These look easy to satisfy separately. Satisfying all three together, in the presence of failures, is what makes consensus hard.
The most subtle property is termination. An algorithm that says "wait until you're certain" can satisfy agreement and validity easily — but it might wait forever. The challenge is designing an algorithm that terminates even when nodes crash and messages are delayed.
Why Consensus Is Hard: The FLP Result
In 1985, Fischer, Lynch, and Paterson proved something startling: in an asynchronous distributed system where even one node might fail, it is impossible to guarantee that a consensus algorithm terminates. This is the FLP impossibility result, and it's one of the most important theoretical results in distributed systems.
Let's understand what "asynchronous" means here. In an asynchronous system, there are no guaranteed bounds on how long a message can take to arrive or how long a node can take to respond. You can't tell the difference between a node that crashed and a node that's just slow. You can't tell the difference between a message that was lost and a message that's still in transit.
The FLP result says: if you cannot bound these delays, then a single crashed node can make it impossible for the remaining nodes to reach a decision — because no one can tell if it crashed or is just slow, and waiting for it might mean waiting forever.
Scenario: 3 nodes, Node C is unresponsive Node A ──── propose(1) ────► Node B │ Node A ─── ? ──────────► Node C ← crashed? or just slow? If A waits for C → might wait forever (breaks Termination) If A decides without C → C might wake up (risks Agreement)
This is not a fixable implementation bug. It's a provable limit of what's achievable.
But we do have consensus algorithms — how?
Real systems work around FLP in a practical way: they give up on the purely asynchronous model and add timeouts. If you add timeouts, you're saying "if a node doesn't respond within X milliseconds, treat it as failed." This is a weak form of synchrony — you're adding a bound on message delays, even if that bound is imprecise.
With timeouts, you can build consensus algorithms that work well in practice, even though they can't formally guarantee termination in the face of arbitrary asynchrony. This is the pragmatic trade-off that Paxos, Raft, and all real consensus systems make.
FLP doesn't mean "consensus is impossible." It means "consensus is impossible if you assume zero guarantees about timing." Since real systems do have roughly-bounded network delays, practical consensus is achievable. FLP explains why your consensus algorithm will sometimes need to retry and why you should never design for zero latency overhead.

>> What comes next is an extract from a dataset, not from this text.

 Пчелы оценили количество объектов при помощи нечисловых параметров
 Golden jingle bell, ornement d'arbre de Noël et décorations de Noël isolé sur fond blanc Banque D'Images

Paxos: The Original Algorithm
Paxos was invented by Leslie Lamport in the 1980s and published in 1998. For many years it was the only well-understood consensus algorithm. Almost every consensus system that predates 2014 is based on Paxos or a variant of it: Google Chubby, Apache Zookeeper, and many others.
Paxos solves single-value consensus — getting a group of nodes to agree on a single value. Here's how it works.
The two phases
In Paxos, a node that wants to propose a value is called a proposer. The nodes that vote are called acceptors. There are usually more acceptors than proposers, and a value is chosen when a majority of acceptors agree on it.
Phase 1: Prepare / Promise
The proposer picks a proposal number n (which must be higher than any number it has used before) and sends a Prepare(n) message to a majority of acceptors.
Each acceptor, on receiving Prepare(n), does two things: it promises never to accept any proposal with a number less than n, and it reports back the highest-numbered proposal it has already accepted (if any).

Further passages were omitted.